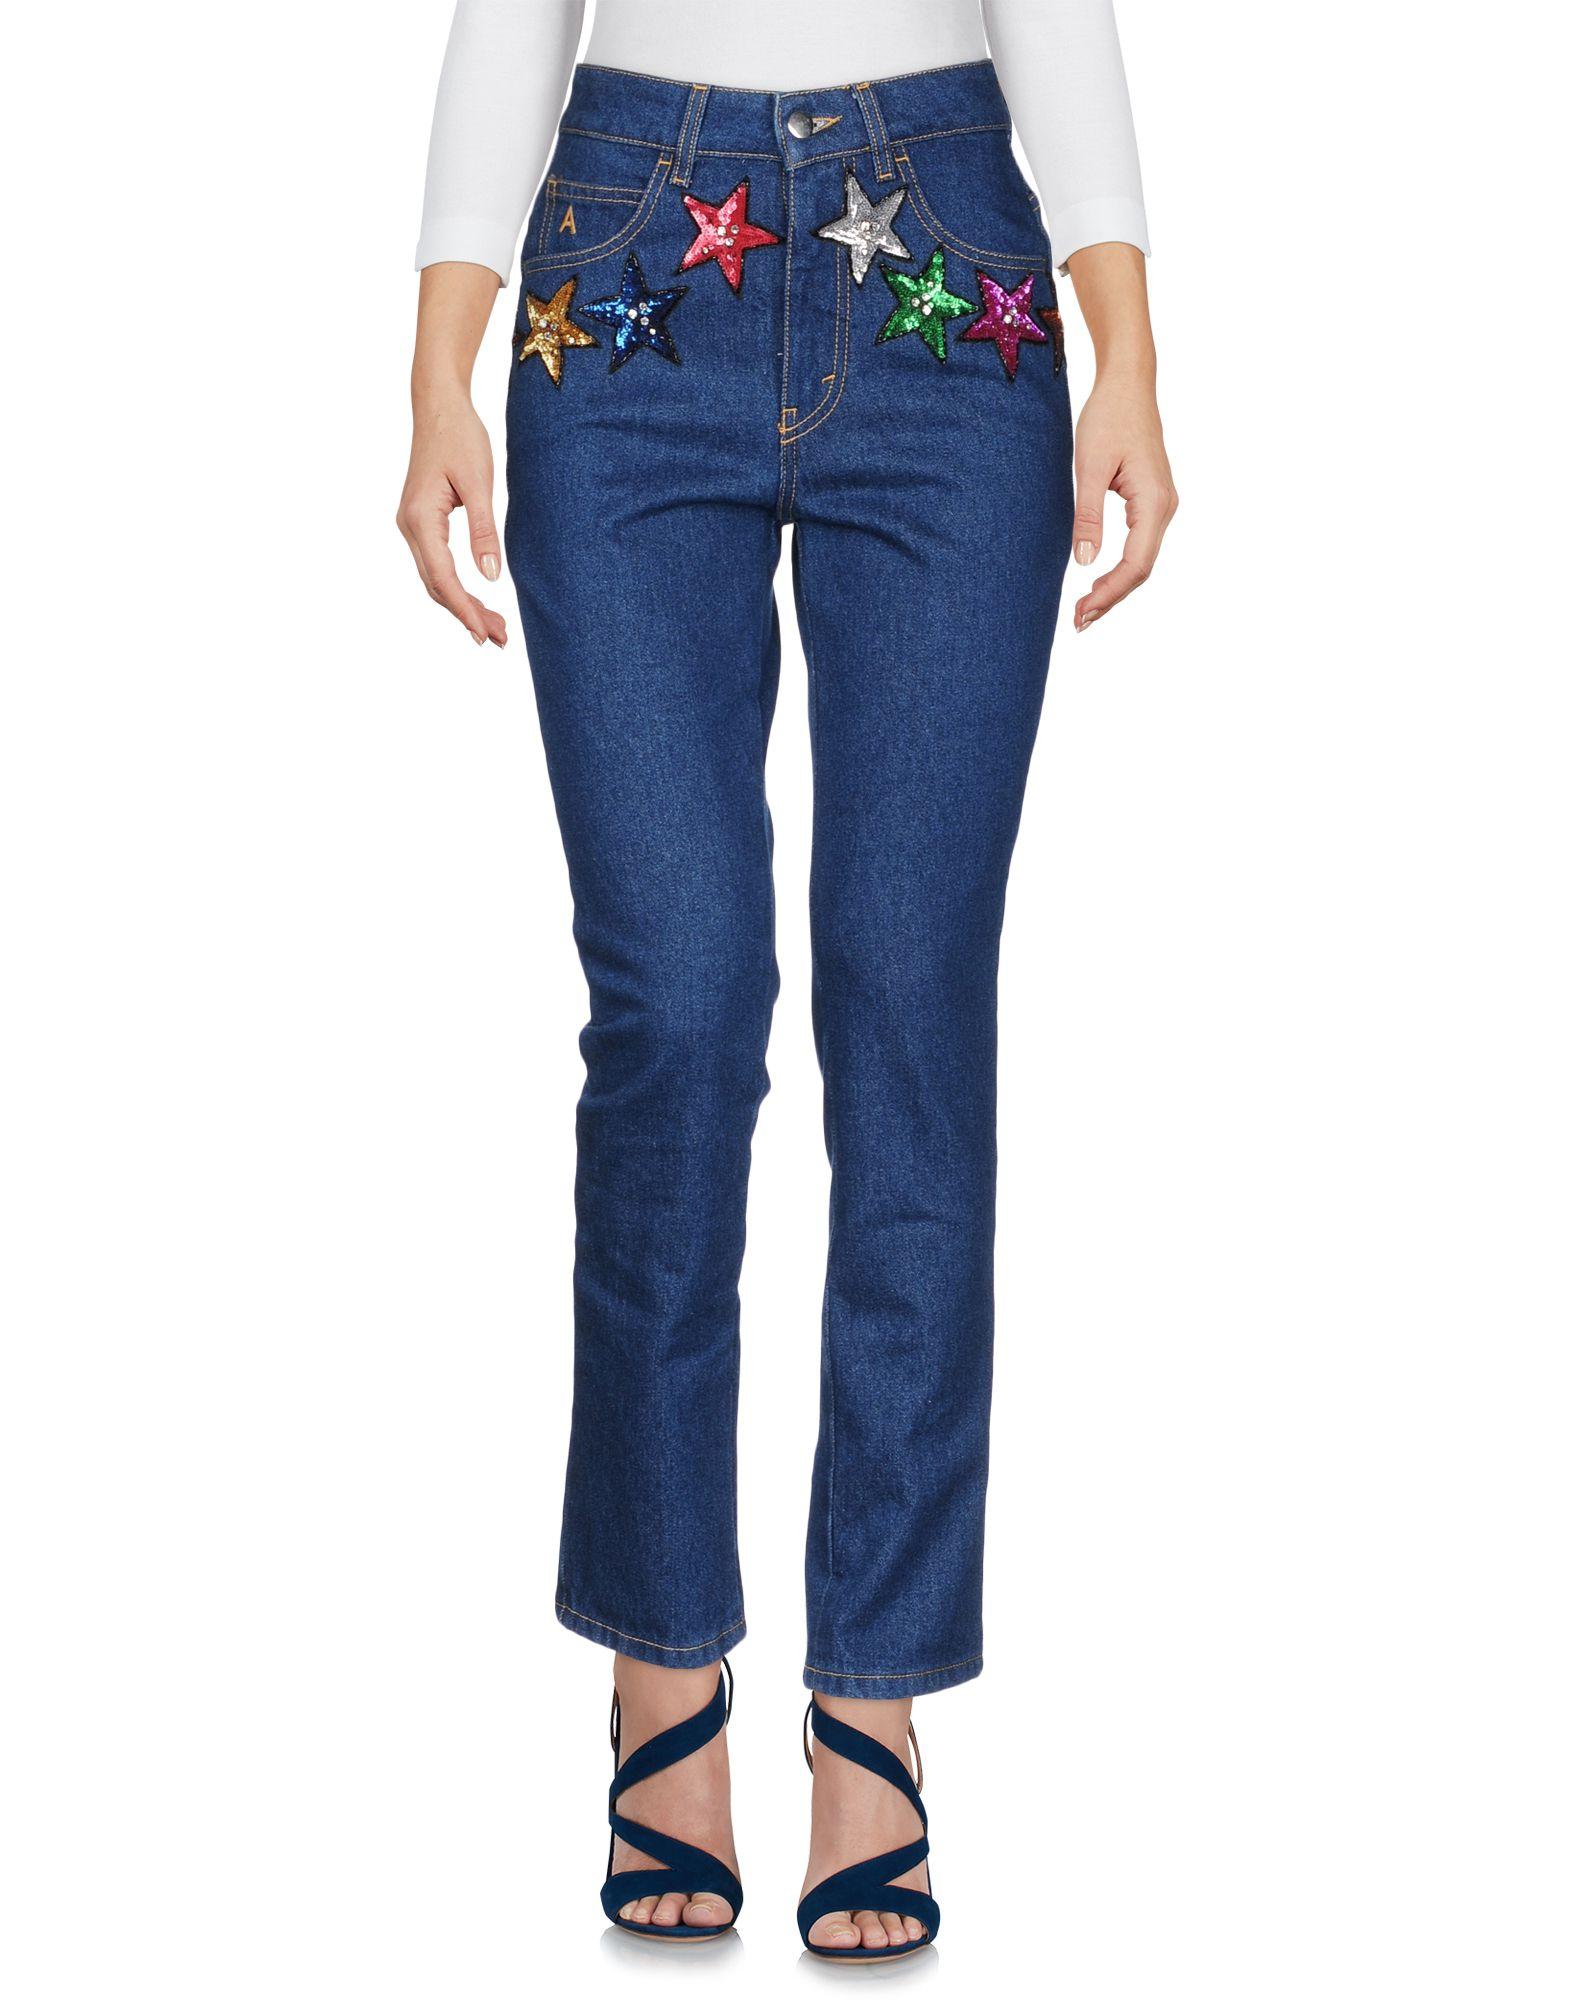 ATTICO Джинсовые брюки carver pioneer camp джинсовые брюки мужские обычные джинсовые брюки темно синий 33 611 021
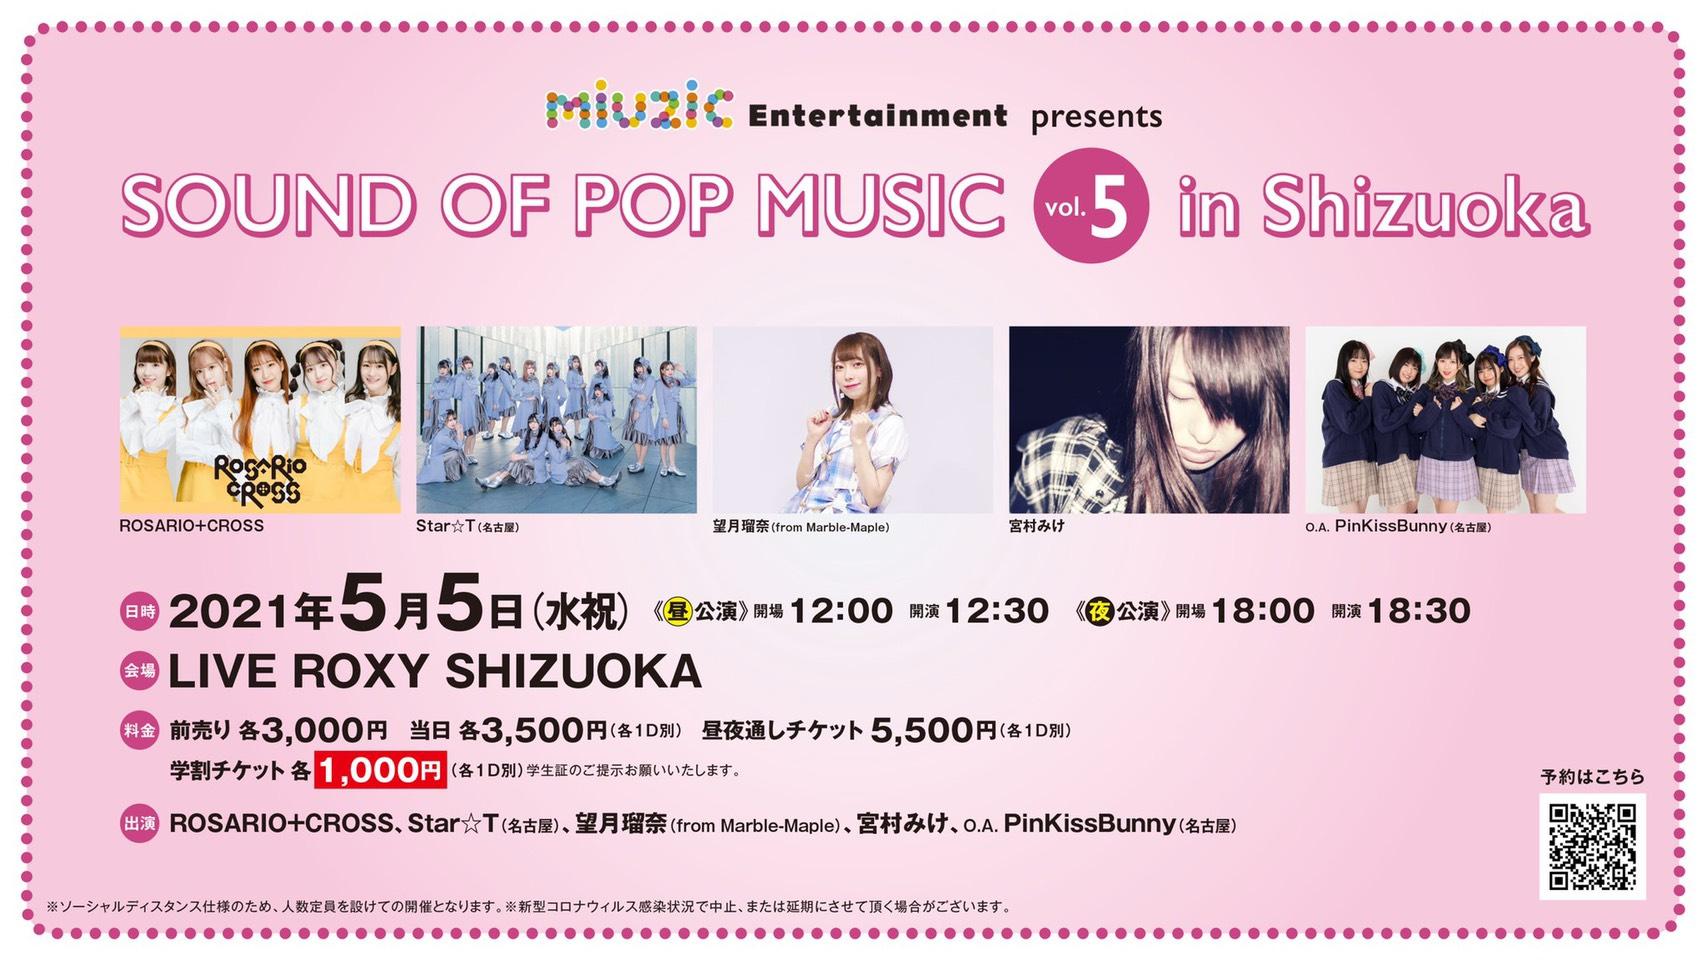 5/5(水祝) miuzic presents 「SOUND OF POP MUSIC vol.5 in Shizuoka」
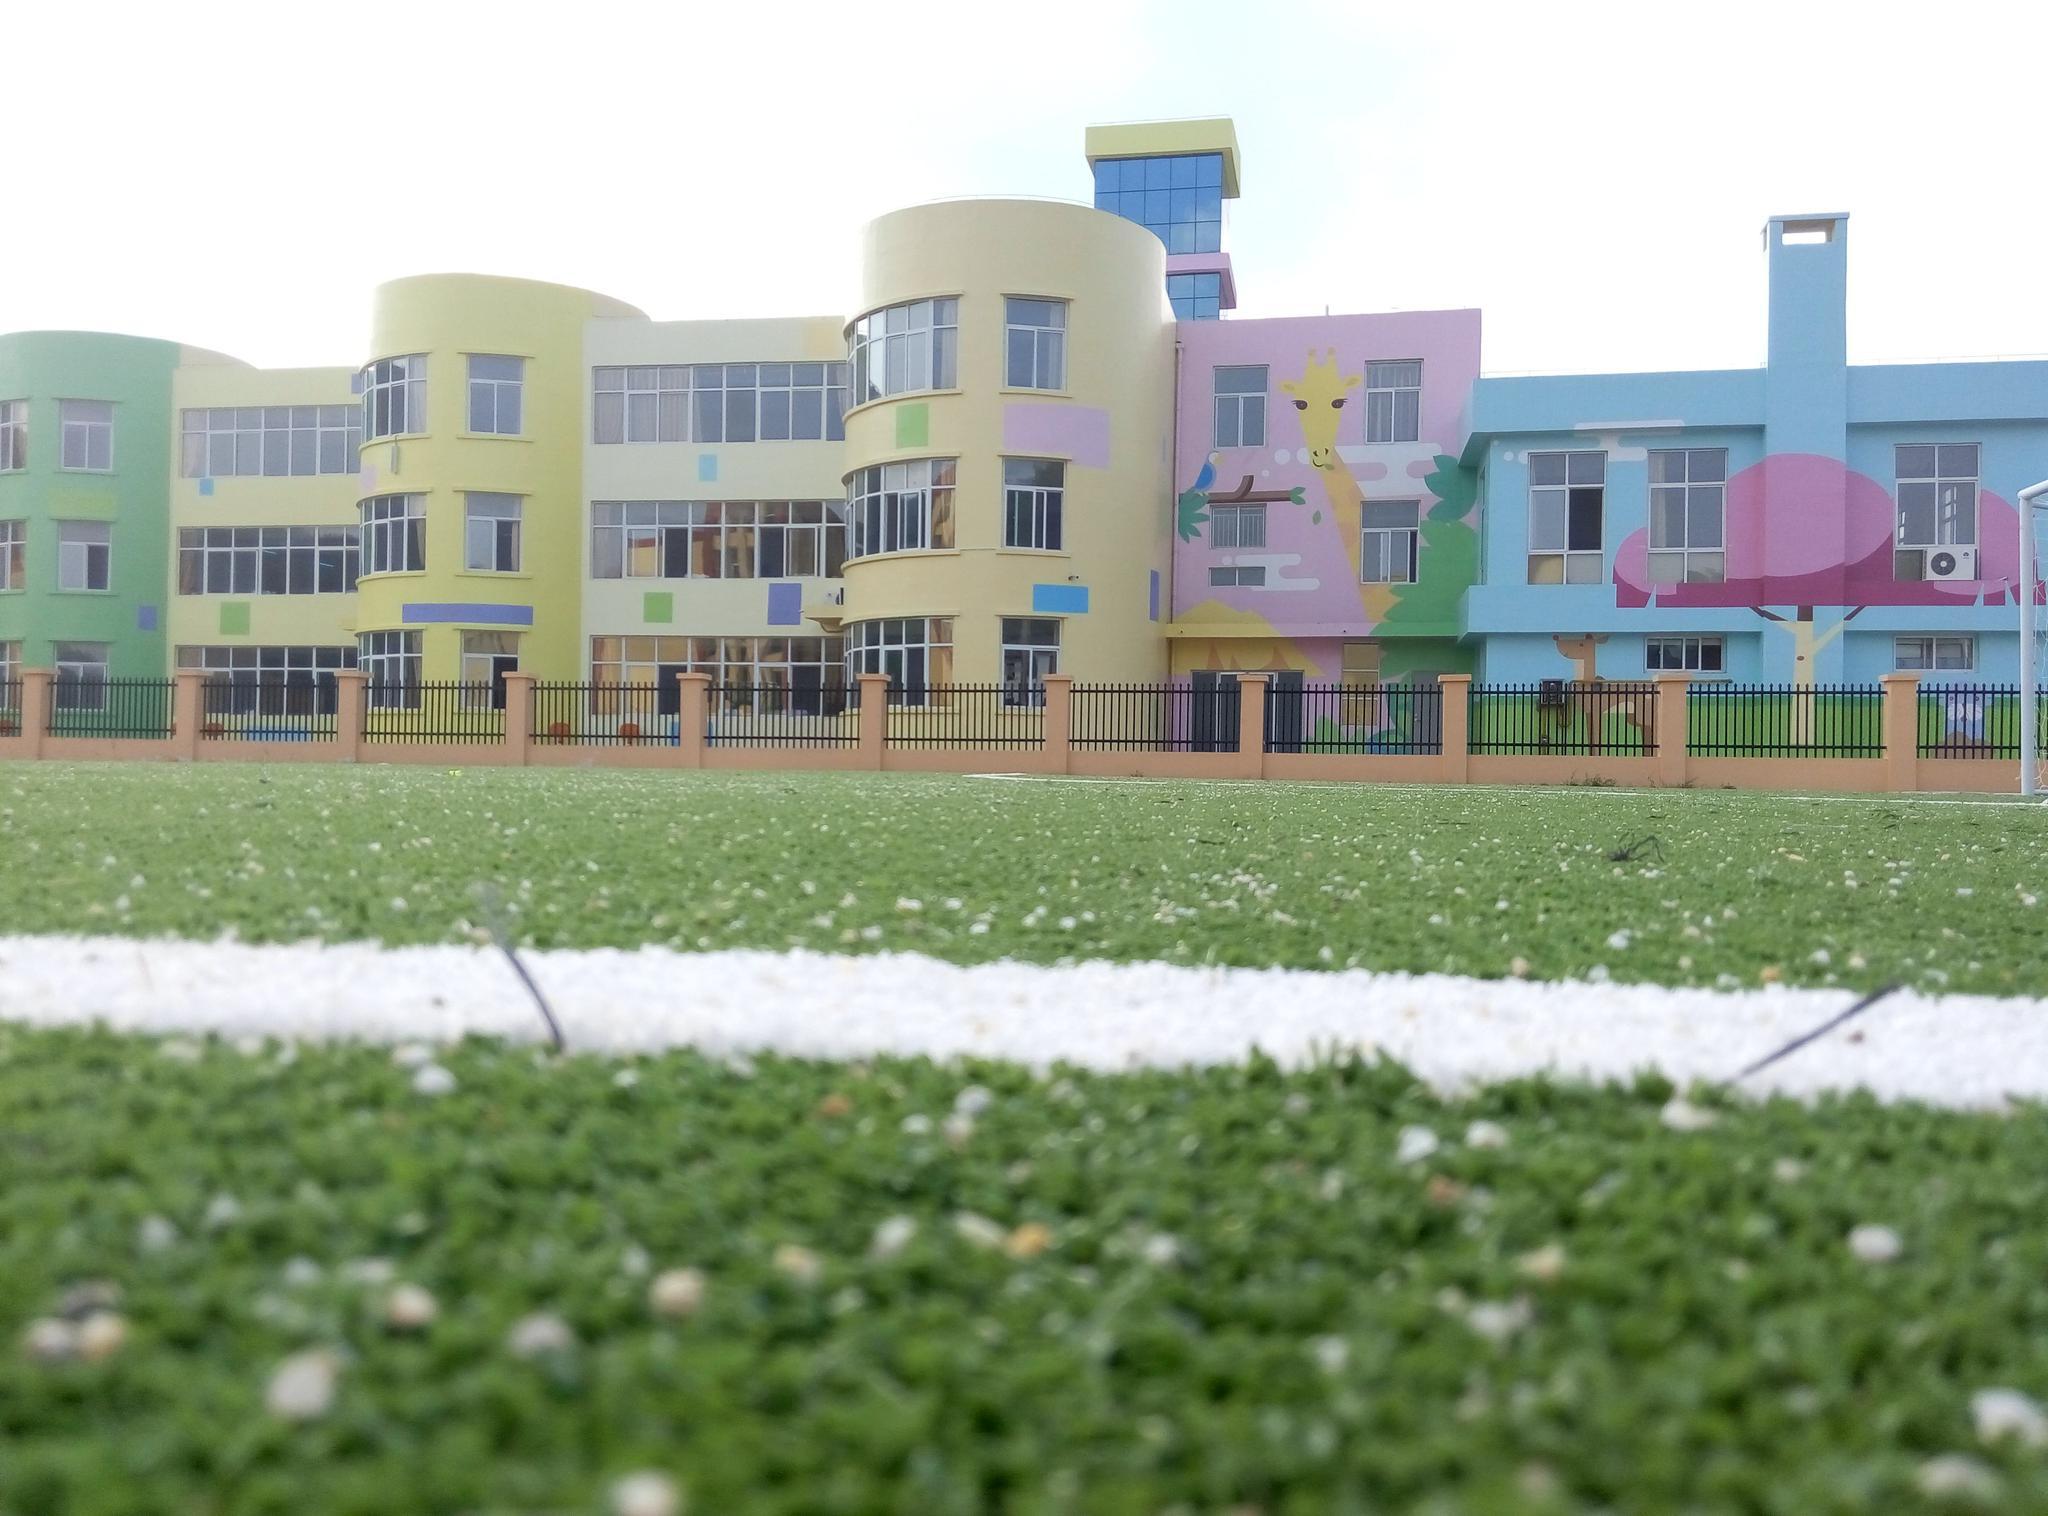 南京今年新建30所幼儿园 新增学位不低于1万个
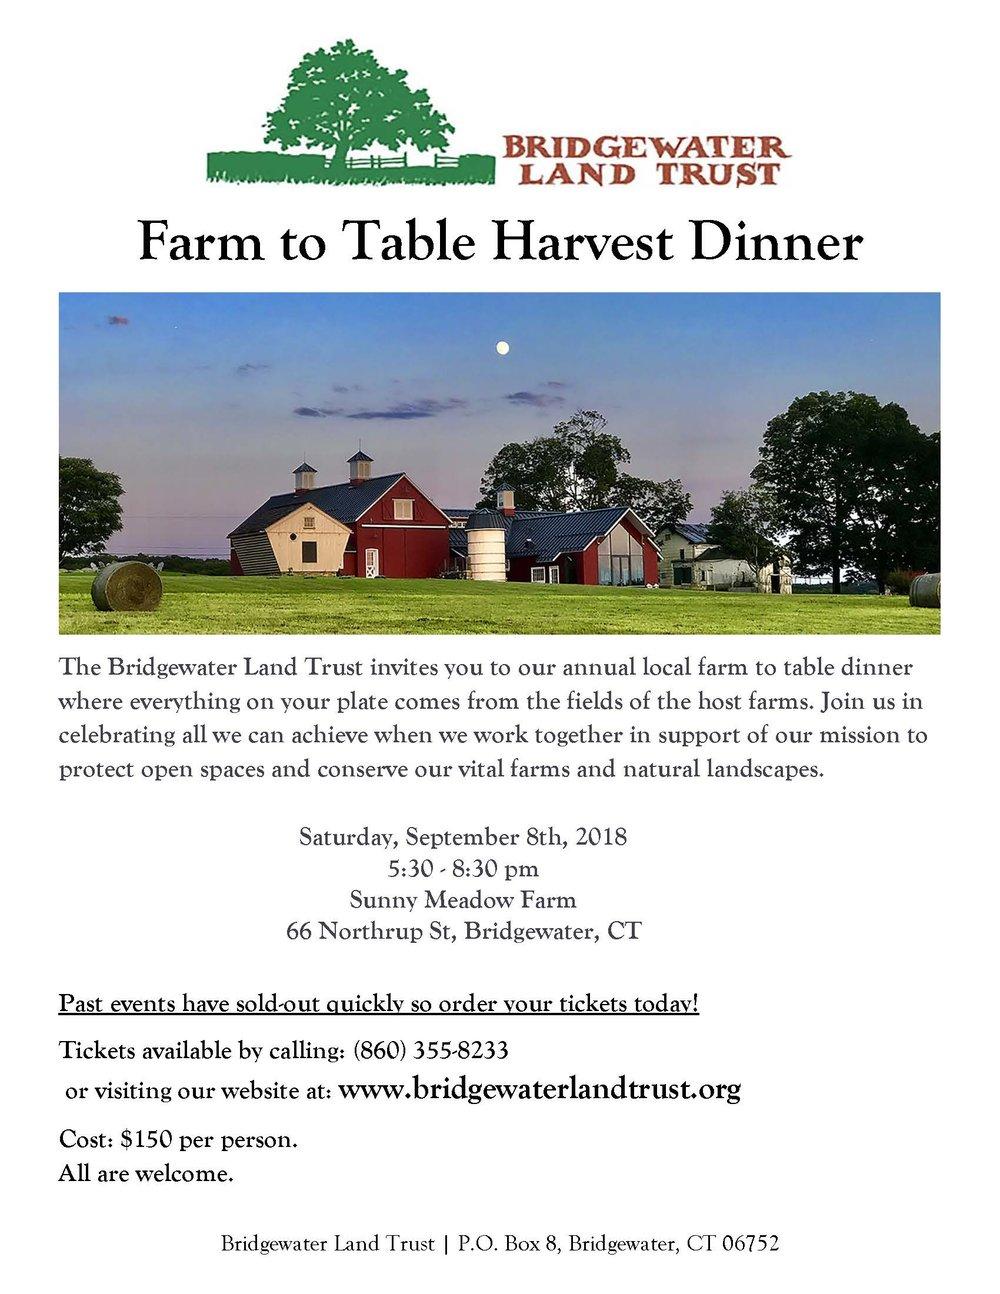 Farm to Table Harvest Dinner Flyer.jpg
■ ■ ■ ■ ■
_YOUR TASK_
Would you please set down the listing above exactly, minus its images?

_SOLUTION_
 ATTICO Джинсовые брюки carver pioneer camp джинсовые брюки мужские обычные джинсовые брюки темно синий 33 611 021
 5/5(水祝) miuzic presents 「SOUND OF POP MUSIC vol.5 in Shizuoka」
 南京今年新建30所幼儿园 新增学位不低于1万个
 Farm to Table Harvest Dinner Flyer.jpg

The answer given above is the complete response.